I know we have all had losses. Thanks for listening and being here.


----------



## forluvofsmoke (Jan 27, 2012)

Hi Jewel-

I find it refreshing to read that your outlook is so bright...seeing so much good around you. You seem to be handling life-changing events quite well. Hey, do what works for you...and don't fix what isn't broke, right?

Yes, your post seemed dim, and I felt inclined to elaborate...maybe in your case it wasn't necessary, but then others may find some use from what I wrote. As I wrote I found myself in moments of pause, realizing that some of what I was referring to was also directly related to my own situation. So, it did help me to understand myself better, while attempting to help someone else...a win-win!!!


Weedygarden-

I failed thank you for posting this, so, THANKS!!! Reading that article, others responses, and posting here, is giving me more insight on how to move forward. It's been a looooong and bumpy road, but I see more healing coming my way.


----------



## weedygarden (Apr 27, 2011)

forluvofsmoke said:


> Weedygarden, sorry for your losses. Being you have posted this, you know the healing process will continue over time, and to resist will lengthen or stop the process. To go with the flow will speed your healing...that's the good news. I wish the best to you and yours.
> .....
> 
> If you hold onto guilt or anger, the pain can consume you...your life will never be what it should be, because you are not fully in control. In this state, happiness can be elusive, if not nonexistent. After-all, what is life without happiness?


Thank you, forluvofsmoke, I too believe to resist any part of this lengthens or stops the healing process. I am not someone who cries much, day to day, and I am just letting it happen when it happens. No resistance to that.


----------



## forluvofsmoke (Jan 27, 2012)

weedygarden said:


> Thank you, forluvofsmoke, I too believe to resist any part of this lengthens or stops the healing process. I am *not someone who cries much, day to day*, and I am just letting it happen when it happens. No resistance to that.

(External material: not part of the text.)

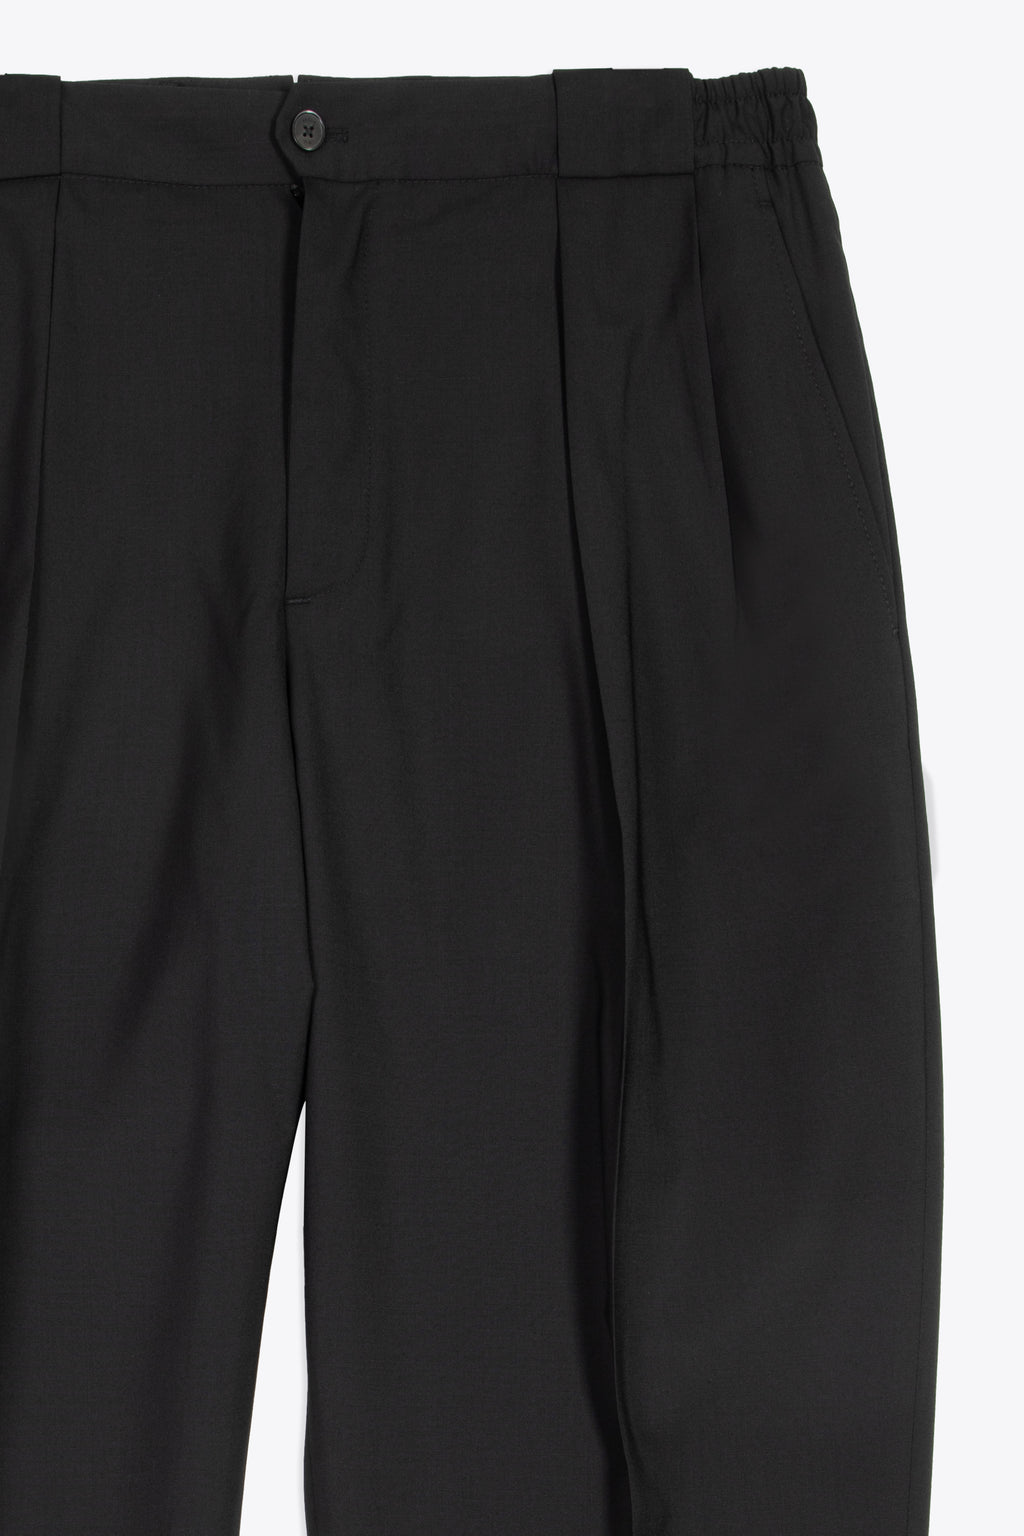 alt-image__Black-tailored-wool-pleated-cropped-pant---Portobellos

That's me as well...I may go years without shedding a tear...it's something that has been engrained into the male of our species, thanks to our societal misconceptions. Guys are supposed to be tough...the strong shoulder to lean on...the calm and understanding ear when in times of need, yet, the stern and firm voice when necessary...the protector when a threat arises...and above all, having the ability to over-ride/ignore the worst of pain, be it emotional or physical, regardless of the cause.

So, we can be tough, sure...doesn't do a bit of good for our own mental wellness when we suffer a loss. Being tough doesn't allow the healing to begin. Remembering that is the hard part for me. Disconnecting one's self from being all that it is you do, just to take care of yourself...that seems to be the key, at least for me. Getting involved with this thread is bringing some needed change for me...opening my eyes and bringing about a different view of how to heal from life-changing events, instead of just coping with them. Coping is just being tough...tough doesn't cut it.

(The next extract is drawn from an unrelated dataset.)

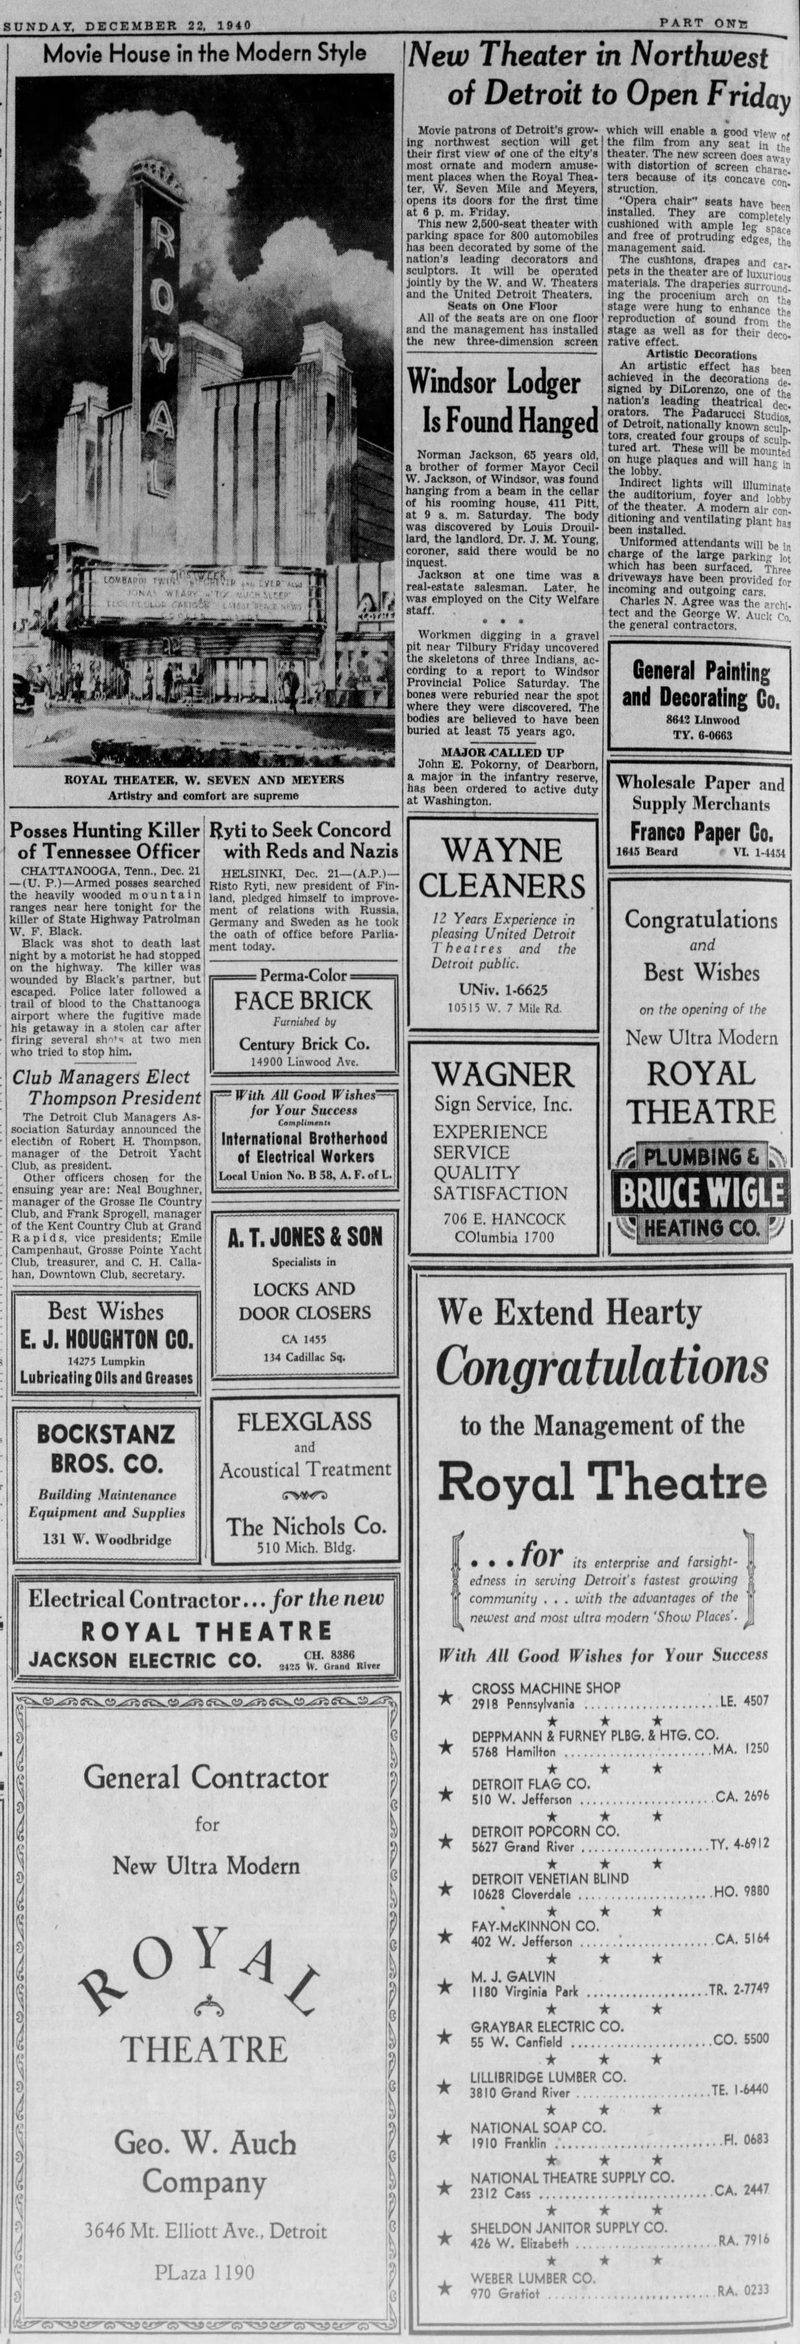 Royal Theatre - Dec 22 1940 Opening

Sometimes, you just gotta let go...I did that a little, last night, and today...I haven't done that for a long time. Nothing but good things will come of it...

Be well!!!


----------



## LincTex (Apr 1, 2011)

forluvofsmoke said:


> ...I may go years without shedding a tear...it's something that has been engrained into the male of our species, thanks to our societal misconceptions. Guys are supposed to be tough...
> 
> So, we can be tough, sure...doesn't do a bit of good for our own mental wellness when we suffer a loss. Being tough doesn't allow the healing to begin.


This thread is really speaking to me. 
I may be facing a divorce sometime in the future... 
but I do NOT want that to happen.

My Passive-Aggressive wife is gutting this marriage in a very covert way of abuse towards me.

Trust me.......... I **KNOW** how to cry


----------



## weedygarden (Apr 27, 2011)

*LincTex, I am sorry!*



LincTex said:


> This thread is really speaking to me.
> I may be facing a divorce sometime in the future...
> but I do NOT want that to happen.
> 
> ...


That was one of the hardest things for me to go through. I can only imagine the pain you are going through.


----------



## Jewel (Sep 6, 2014)

((((((((((( Everyone )))))))))) 


How we feel it is one thing, how we let it change us is another. 

I've heard that love is the cure but I disagree. I believe it's hope, in whatever form we can find it.


----------